CRISPR Off-target Effect: Transformative Role in Biology and Genetic Research

Author: Bennie George

Off-target effects include accidental point mutations, deletions, insertion inversions, and translocations. Due to its simplicity, scalability, and affordability, designing nuclease systems such as CRISPR-cas9 is becoming increasingly popular.

For the application of Cas9, methods must be considered to minimize the degree of off-target cleavage and detect the presence of off-target cleavage. Although many techniques have been developed to minimize the risk of off-target cleavage, in some cases off-target mutations remain the main focus of CRISPR/Cas9-mediated genome editing. These mutations should be carefully monitored, especially when using CRISPR/Cas9 for treatment. However, off-target analysis of the CRISPR/Cas9 system has been very challenging, especially when performed directly in the cell.

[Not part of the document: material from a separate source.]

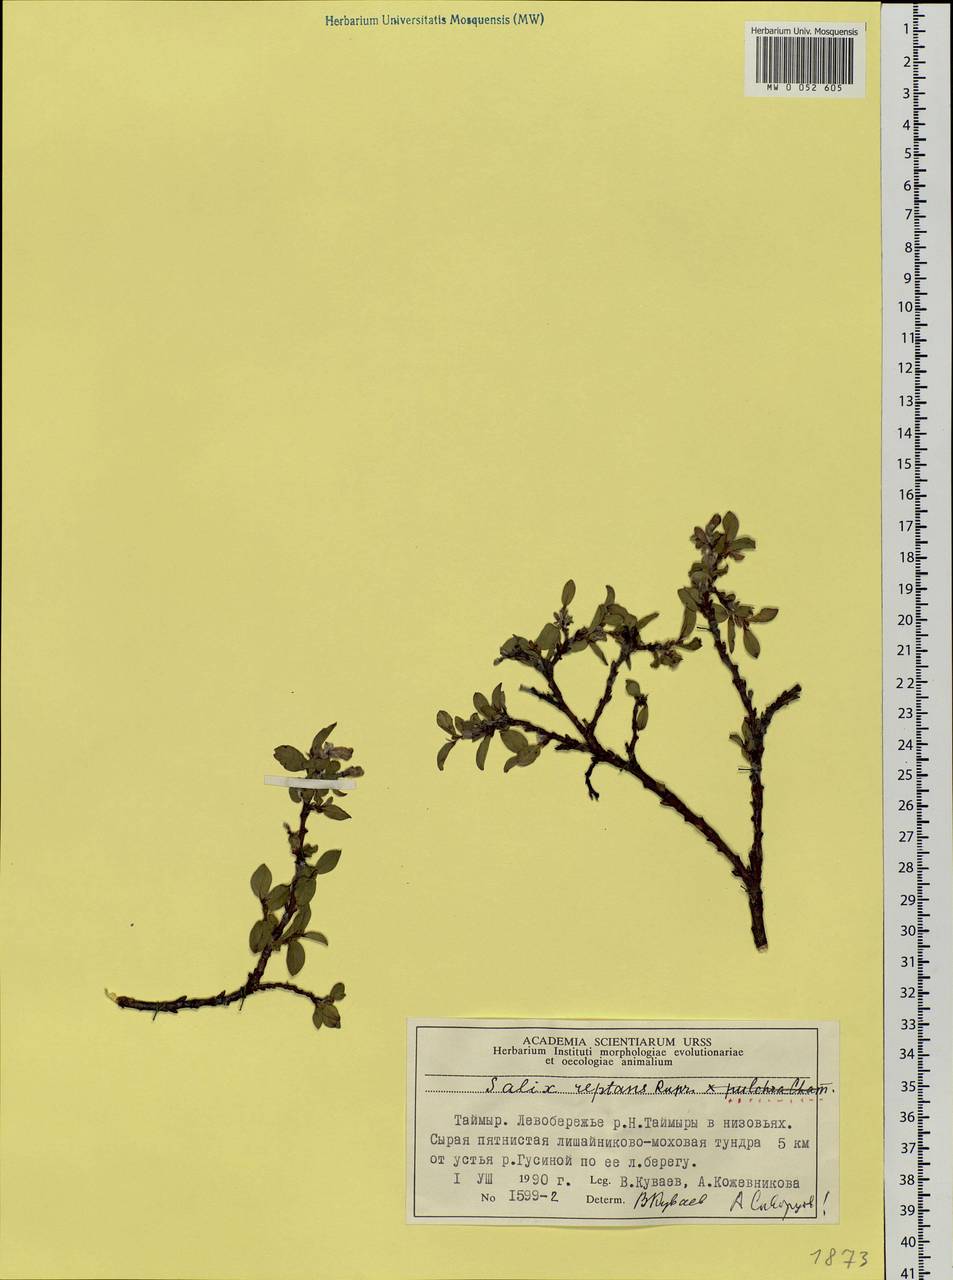 Salix reptans × pulchra, Siberia, Central Siberia (S3) (Russia)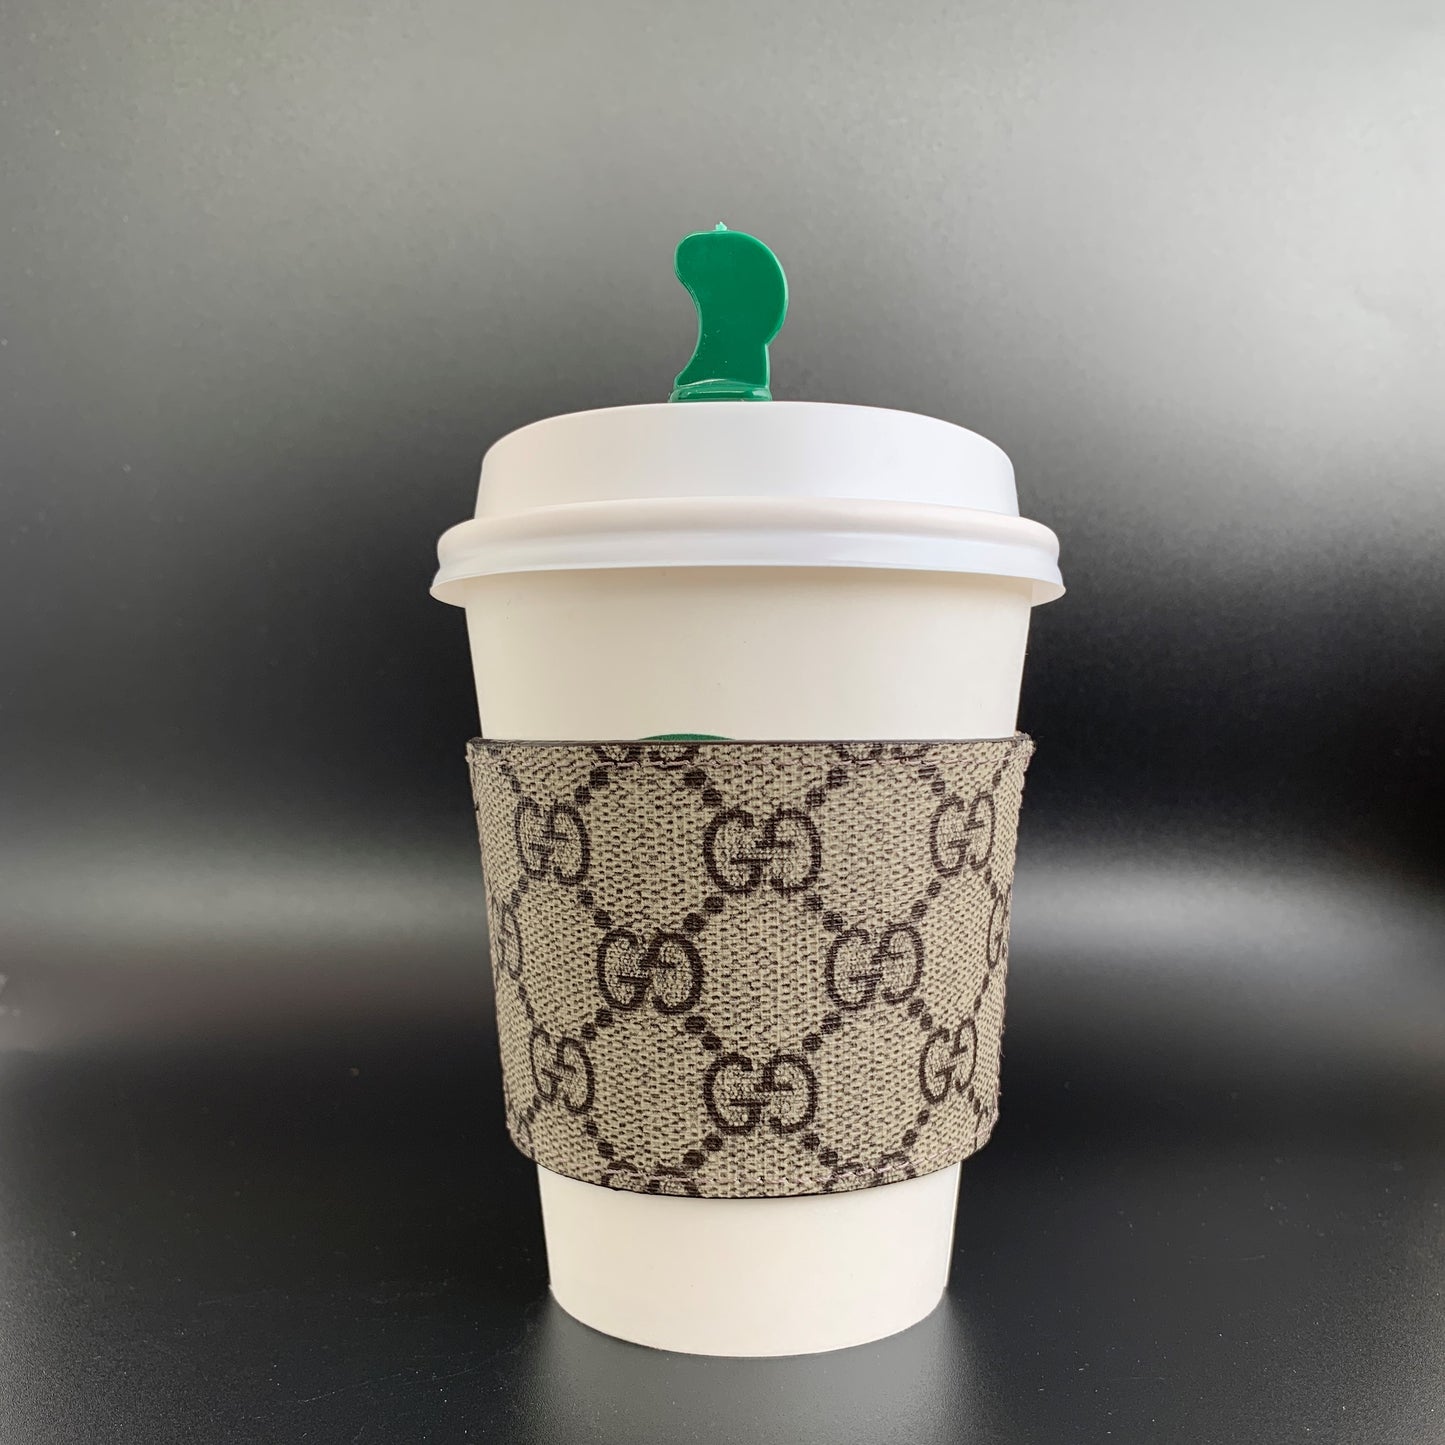 Starbucks Keychain Coffee holder

In order to better understand and predict how the off-target effect of Cas9 occurs, considerable efforts have been made. The development of high-throughput sequencing technology has greatly facilitated the detection and prediction of off-target effects. Some of them are specifically used to detect off-target effects, such as GUIDE-seq, Digenome seq, Circleseq or DISCOVER-seq. In addition to whole-genome sequencing technologies, these technologies also determined that Cas9 off-target effects are relatively rare and detectable. Meanwhile, a survey of the effects of Cas9 from thousands of guide RNAs has defined and refined how to predict the efficiency and off-target effects of guide RNA nucleotide sequences on specific organisms.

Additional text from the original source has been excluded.